Obstet Gynecol Sci.  2014 Jan;57(1):77-81.

Unusual presentation of retroperitoneal leiomyosarcoma mimicking an adnexal tumor with highly elevated serum CA-19-9

Affiliations
  • 1Department of Obstetrics and Gynecology, Institute for Medical Sciences, Chonbuk National University Medical School, Jeonju, Korea. obgyn2001@jbnu.ac.kr

Abstract

When retroperitoneal leiomyosarcoma develops in pelvic cavity, it often presents similar symptoms and radiological findings to adnexal tumor, therefore obscures diagnostic approaches until an exploratory laparotomy is performed. We report an unusual presentation of retroperitoneal leiomyosarcoma mimicking an adnexal tumor with extremely elevated serum CA-19-9. Though the most of the prominent mass was removed during surgery, there was massive bleeding due to tearing of internal iliac vein while dissecting the ureter close to vessels.
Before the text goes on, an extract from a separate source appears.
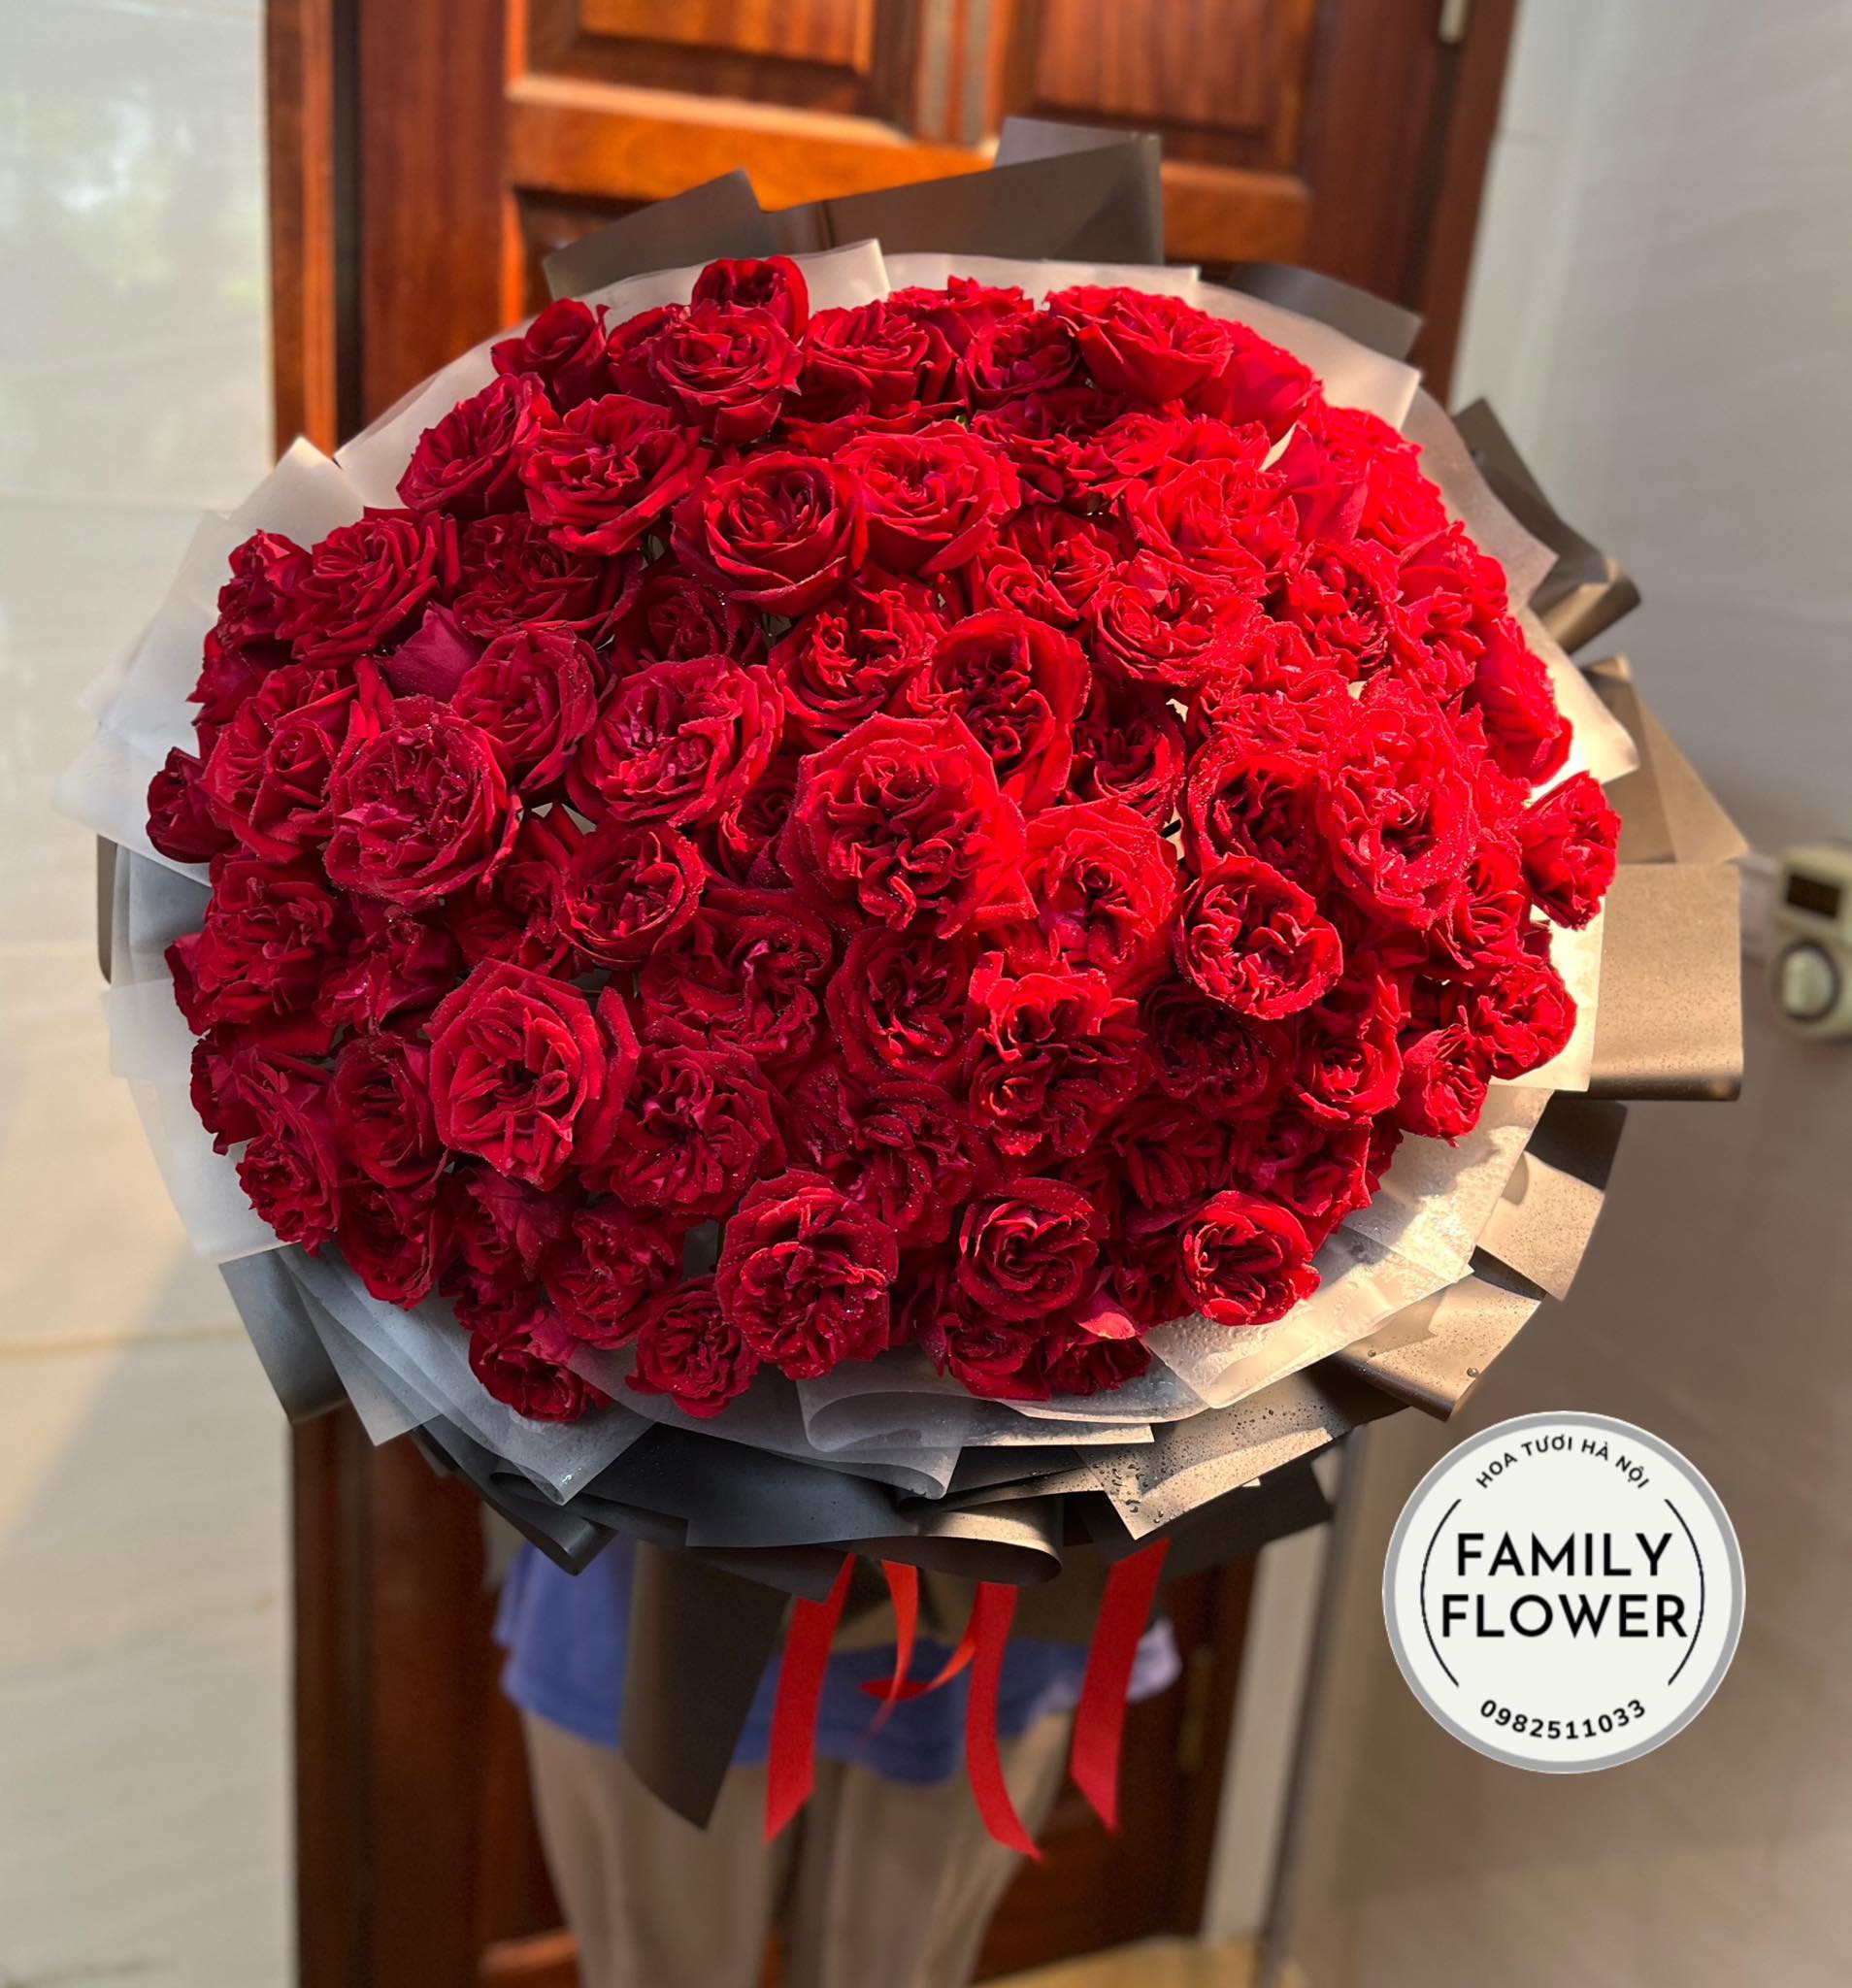 Bó hoa hồng oha'ra tặng người yêu ở Hà Nội! Bó hoa khổng lồng, hoa tươi Hà Nội

This case focuses on the significance of considering retroperitoneal tumor even if the mass is located in ovarian fossa and has highly elevated serum level of CA-19-9. And in attempt of tumor removal, the excision needs to be clean-cut without damaging nerves or vessels around the mass and avoid causing any prospective complications.

Keyword

Adnexal tumor; CA-19-9; Leiomyosarcoma; Retroperitoneal

MeSH Terms

Hemorrhage
Iliac Vein
Laparotomy
Leiomyosarcoma*
Ureter

Figure

  • Fig. 1 (A) A large, lobulated, and heterogenously enhancing mass occupies the right retroperitoneal space (arrow). (B) Intraoperative findings: a 9.4 × 6.3 × 5.1 cm sized smooth round mass (arrow) surrounded by light grayish membrane is attached to right retroperitoneal wall close to the right adnexa (arrowhead).

  • Fig. 2 Microscopic features of retroperitoneal leiomyosarcoma. (A) Low magnification of tumor showing intersecting fascicles (H&E, ×100). (B) Tumor cells show strong reactivity for smooth muscle actin (smooth muscle actin, ×400).